SQL window functions let you calculate values across related rows without collapsing the result into fewer rows. This cheat sheet helps students compare rows, rank records, compute running totals, and analyze trends inside query results. It is useful for data analysis tasks where each original row must stay visible.
Students need these patterns to write clearer queries for reports, dashboards, and database projects.
The main idea is that a window function uses OVER to define the group and order of rows used in a calculation. PARTITION BY splits the data into separate groups, while ORDER BY controls sequence inside each group. Ranking functions assign positions, aggregate window functions compute totals or averages over a window, and LAG or LEAD compare a row with nearby rows.
Frame clauses such as ROWS BETWEEN UNBOUNDED PRECEDING AND CURRENT ROW define exactly which rows are included.
Key Facts
- A window function uses the pattern function_name() OVER (PARTITION BY column ORDER BY column) to calculate across rows while keeping each row in the output.
- PARTITION BY creates separate windows, so SUM(sales) OVER (PARTITION BY region) calculates a regional total for every row in that region.
- ORDER BY inside OVER sets the row sequence, so ROW_NUMBER() OVER (ORDER BY score DESC) gives 1 to the highest score.
- ROW_NUMBER() assigns unique sequential numbers, while RANK() gives tied rows the same rank and leaves gaps after ties.
- DENSE_RANK() gives tied rows the same rank but does not leave gaps, so ranks can be 1, 2, 2, 3.
- Running totals use a frame such as SUM(amount) OVER (ORDER BY sale_date ROWS BETWEEN UNBOUNDED PRECEDING AND CURRENT ROW).
- LAG(value, 1) OVER (ORDER BY date) returns the previous row value, and LEAD(value, 1) OVER (ORDER BY date) returns the next row value.

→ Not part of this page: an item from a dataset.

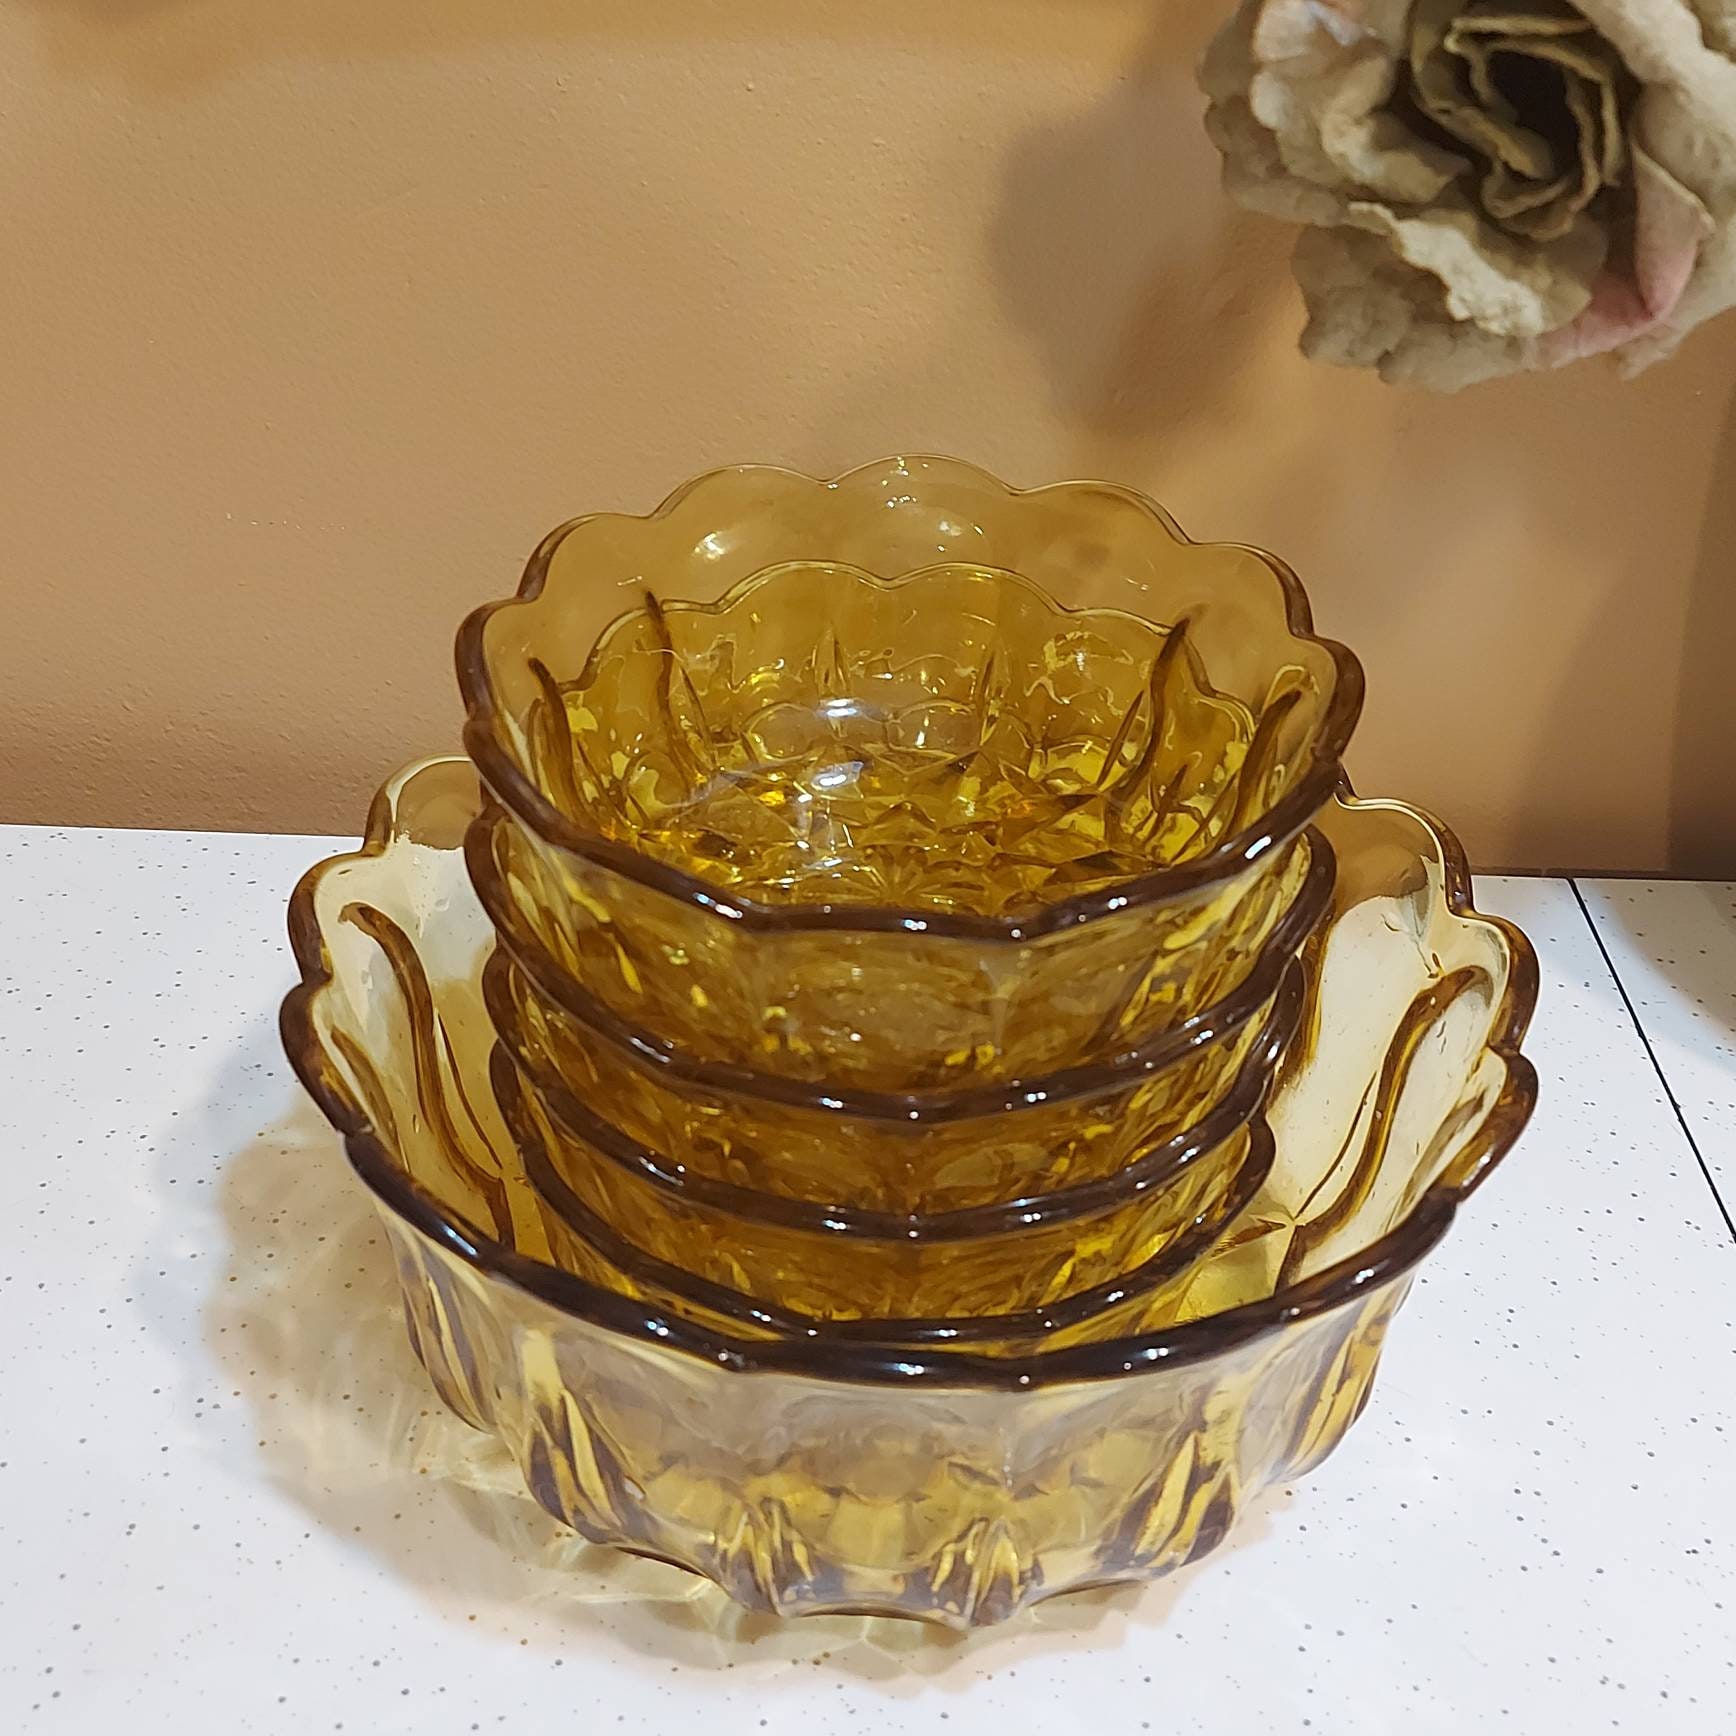 Vintage Cut Glass Bowl Set Vintage Serving Bowls. Collectible Glass Bowls Vintage Salad Bowls Made in USA Glass Bowls

- Window functions are evaluated after WHERE filtering, so rows removed by WHERE are not available inside the window.
Vocabulary
- Window Function
- A SQL function that calculates a value across a set of related rows while returning one result row for each original row.
- OVER Clause
- The part of a window function that defines which rows are included and how they are ordered.
- PARTITION BY
- A clause that divides rows into separate groups so the window function runs independently within each group.
- ORDER BY
- A clause that sets the order of rows inside a window, which is required for ranking and previous or next row comparisons.
- Frame
- The subset of rows within an ordered window used by an aggregate calculation, such as all earlier rows through the current row.
- Ranking Function
- A window function such as ROW_NUMBER, RANK, or DENSE_RANK that assigns a position to each row based on an order.
Common Mistakes to Avoid
- Using GROUP BY when each original row must remain visible is wrong because GROUP BY collapses rows, while window functions keep row-level detail.
- Leaving out ORDER BY for ranking functions is wrong because the database has no reliable sequence for assigning ranks or row numbers.

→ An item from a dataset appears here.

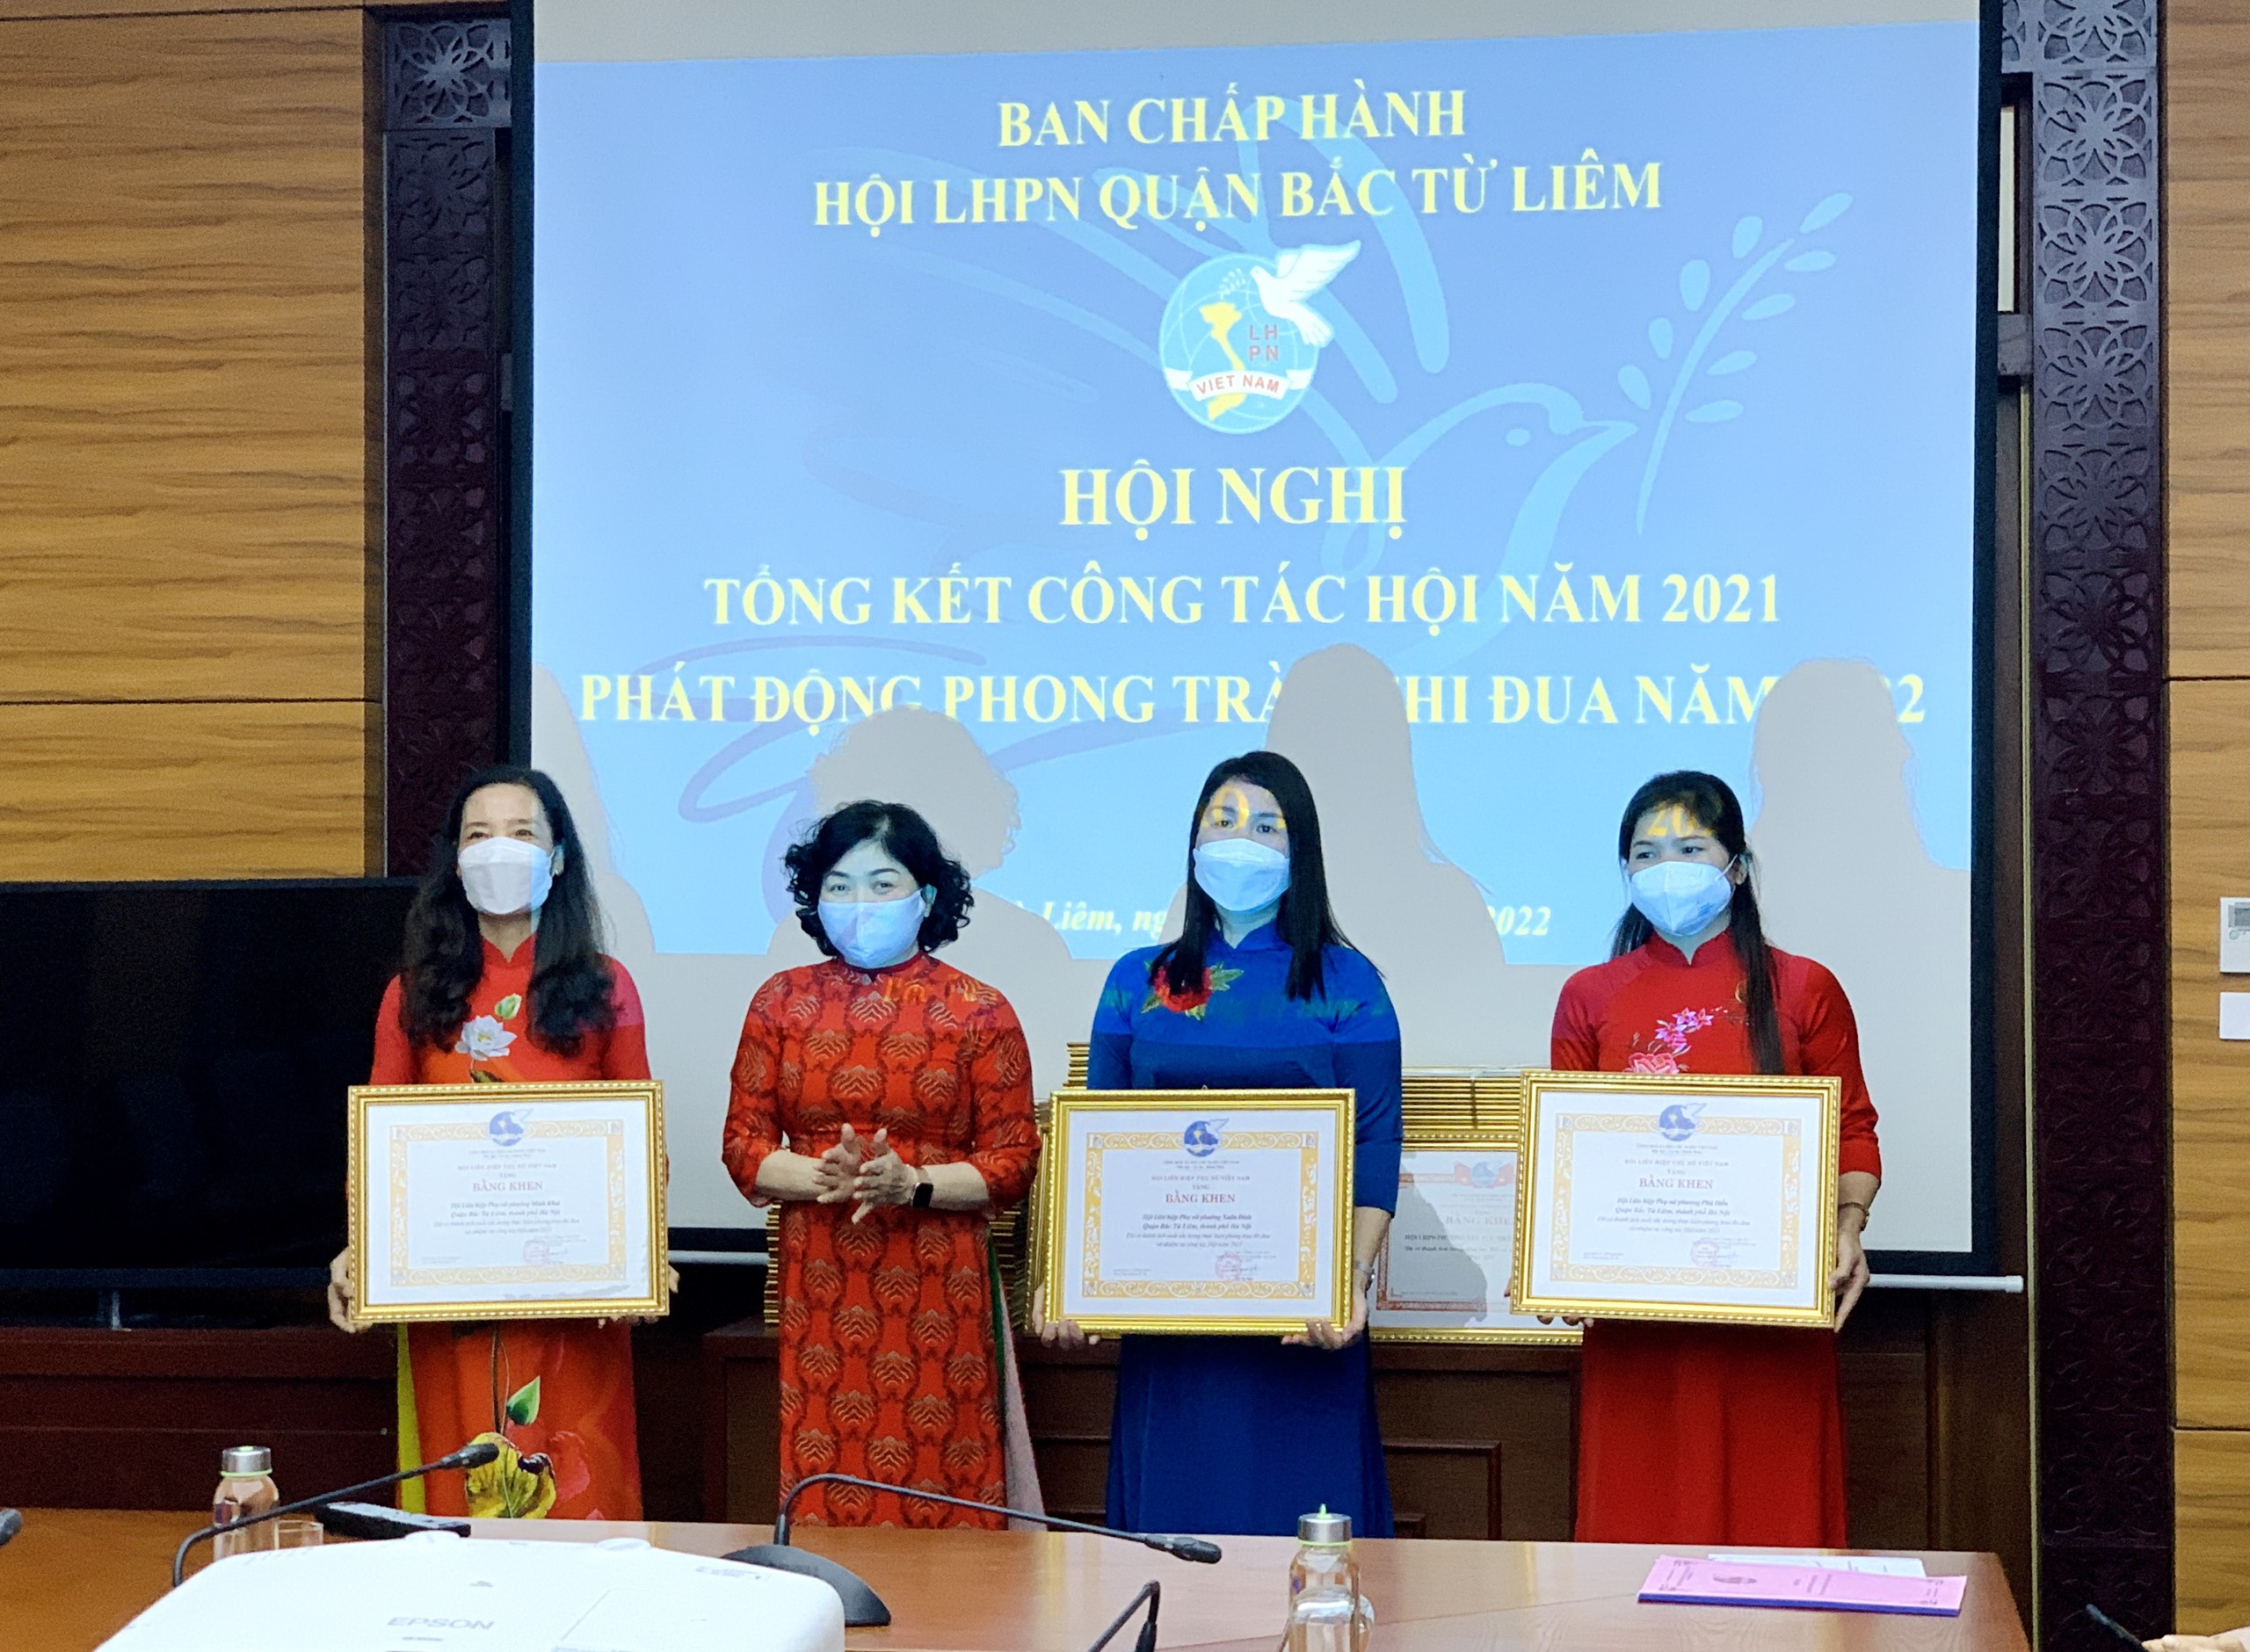 Lãnh đạo Hội LHPN TP Hà Nội và Quận Hội tặng bằng khen cho các tập thể và cá nhân đạt thành tích xuất sắc trong công tác Hội

- Confusing RANK with DENSE_RANK is wrong because RANK skips numbers after ties, while DENSE_RANK continues with the next number.
- Putting a window function in the WHERE clause is wrong in many SQL systems because window functions are calculated after WHERE filtering.
- Forgetting the frame in a running total can be wrong because the default frame may not match the intended row-by-row calculation in every database.
Practice Questions
- 1 Write a SQL expression that assigns each student a unique number from highest to lowest score using the column score.
- 2 A table sales has columns region, sale_date, and amount. Write a window expression that calculates a running total of amount by sale_date within each region.
- 3 Scores are 100, 95, 95, and 90 in descending order. What ranks are produced by RANK(), and what ranks are produced by DENSE_RANK()?
- 4 Explain why a window function is better than GROUP BY when you need each employee row plus the department average salary on the same row.